[Start of section]

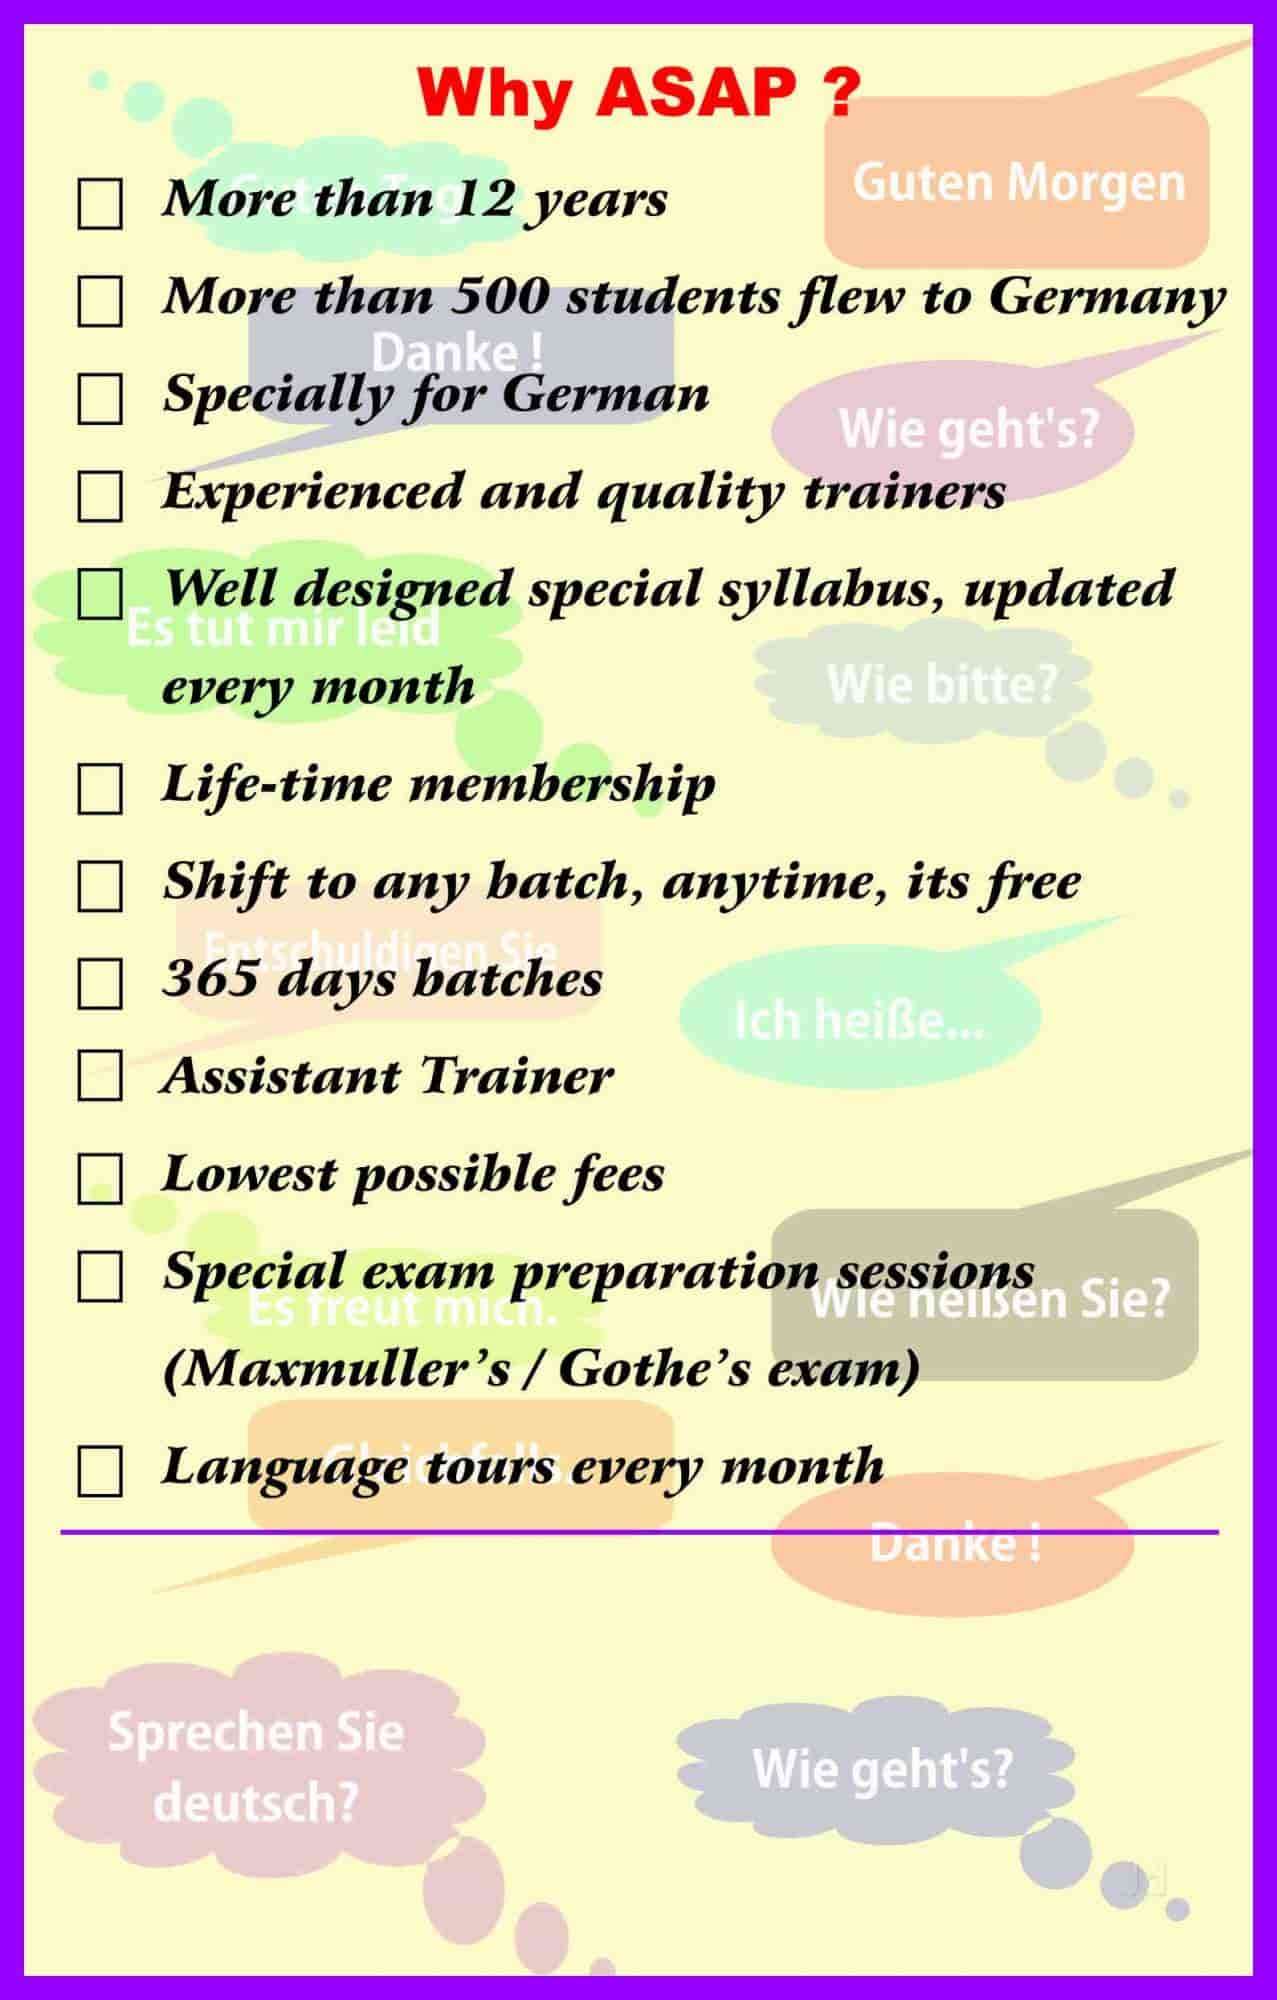 freut mich in german
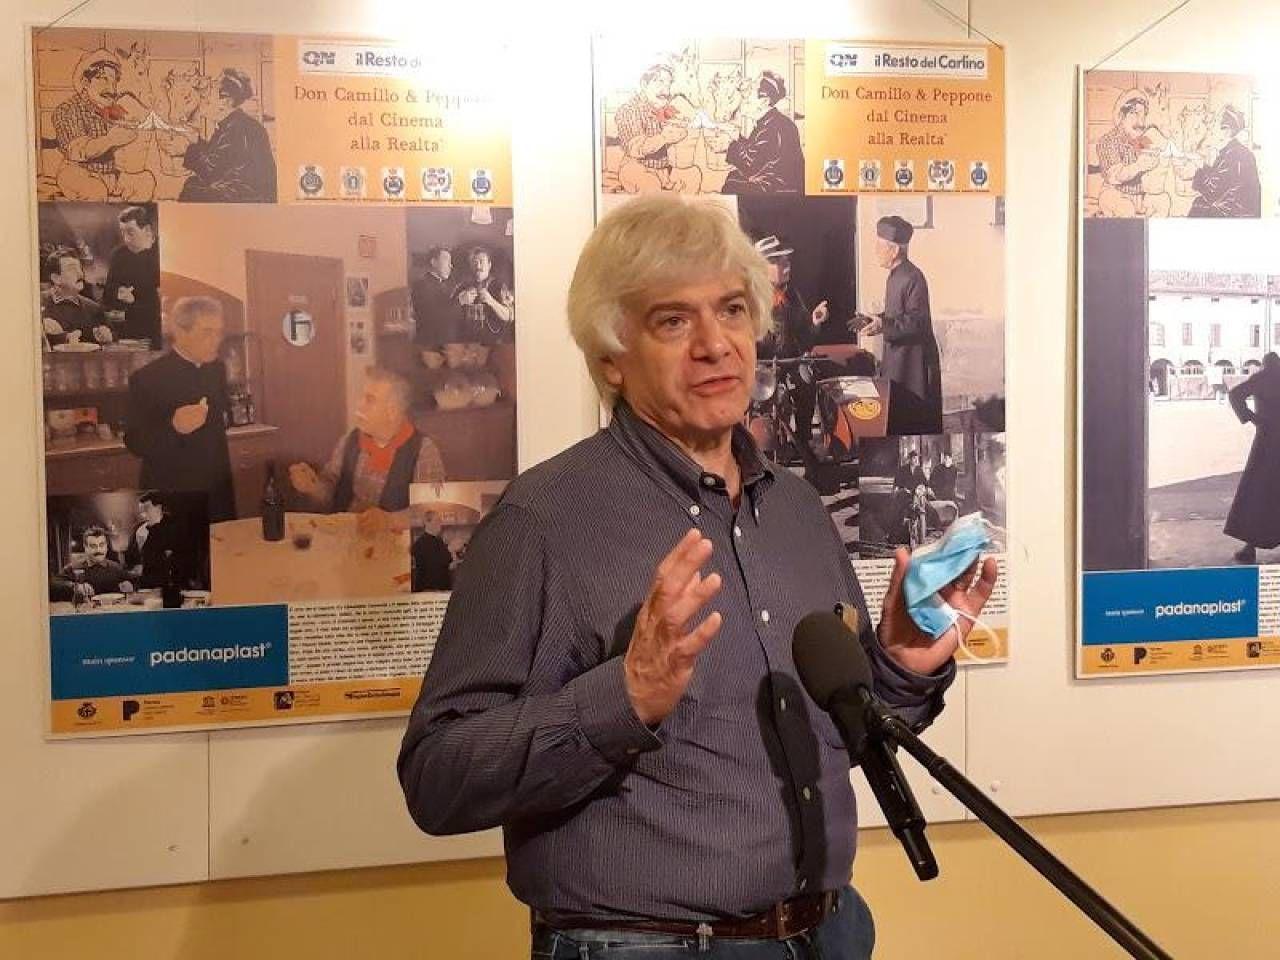 Egidio Bandini, giornalista che ha curato la mostra, l'attore Enrico Beruschi e, sotto, uno scorcio di «Don Camillo e Peppone, dal cinema alla realtà»
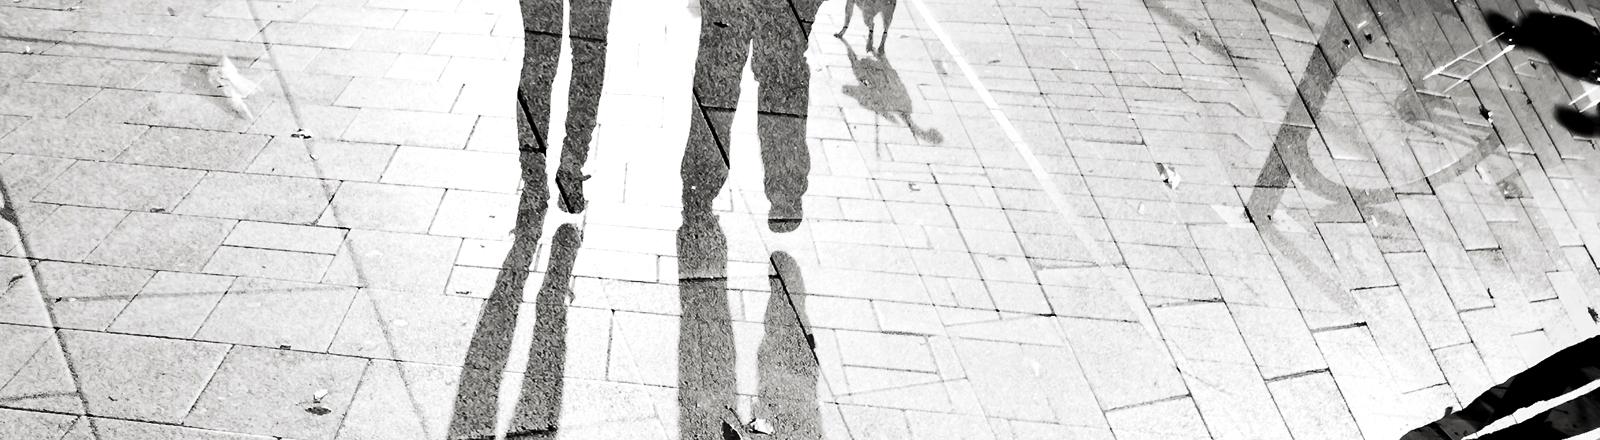 Die Schatten von zwei Menschen auf dem Asphalt, umringt von weiteren abstrakten Schatten.
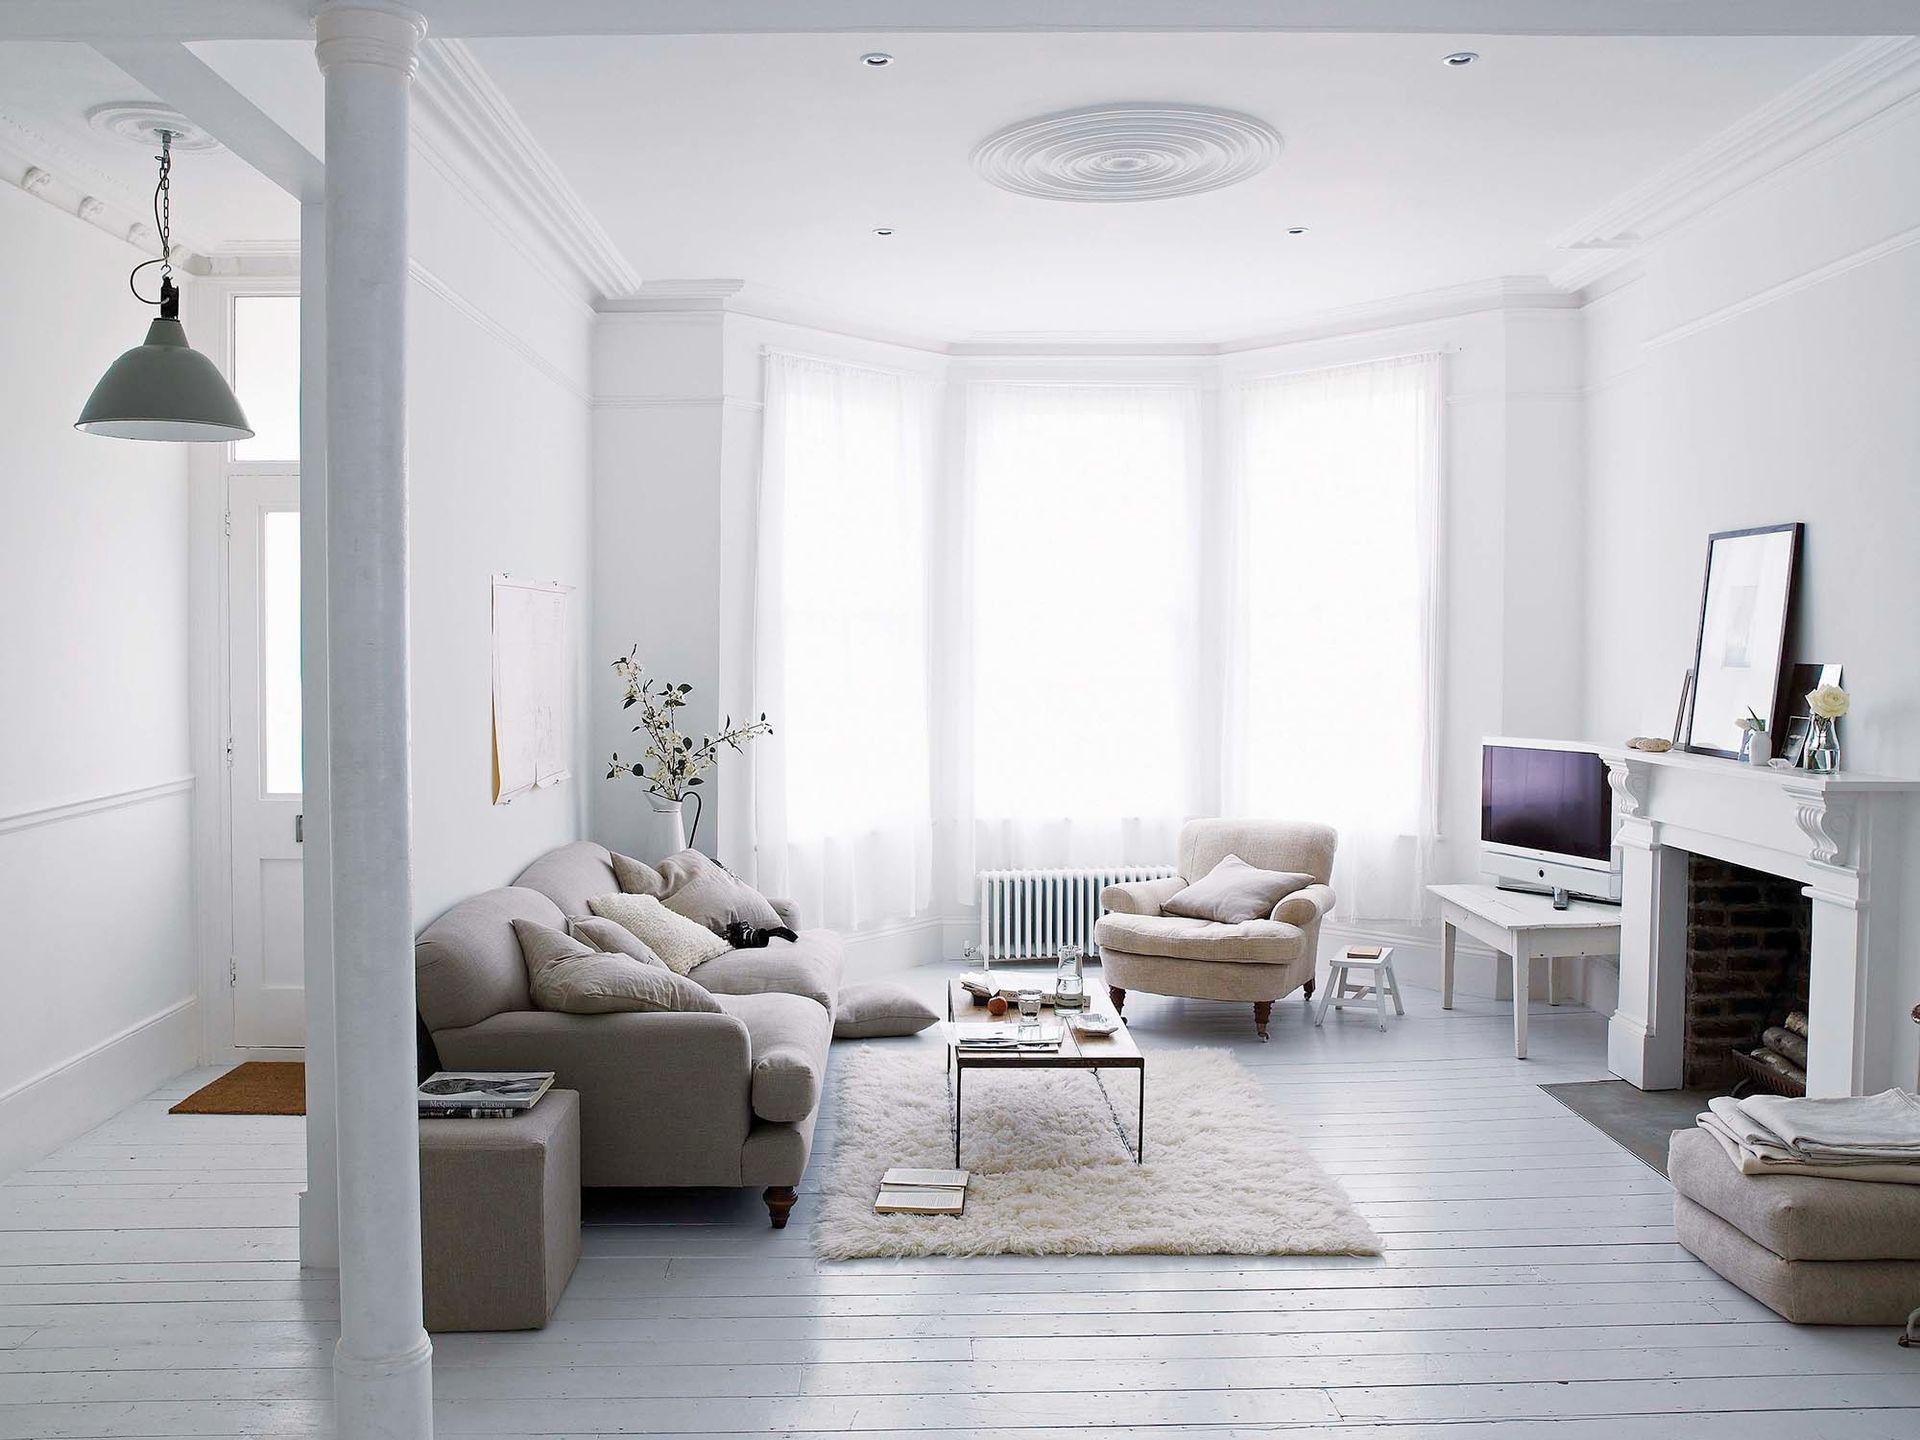 El acceso principal desemboca en el living, que la alta bow window llena de claridad. Junto con la chimenea original de la casa, es el rasgo más notable del espacio.

[End of section]

Exercise: Where the line containing "Egidio Bandini, giornalista" appears, begin writing out the lines word for word, and continue through the last line of the data, leaving out pictures.

Response below:
 Egidio Bandini, giornalista che ha curato la mostra, l'attore Enrico Beruschi e, sotto, uno scorcio di «Don Camillo e Peppone, dal cinema alla realtà»
 Die Schatten von zwei Menschen auf dem Asphalt, umringt von weiteren abstrakten Schatten.
 El acceso principal desemboca en el living, que la alta bow window llena de claridad. Junto con la chimenea original de la casa, es el rasgo más notable del espacio.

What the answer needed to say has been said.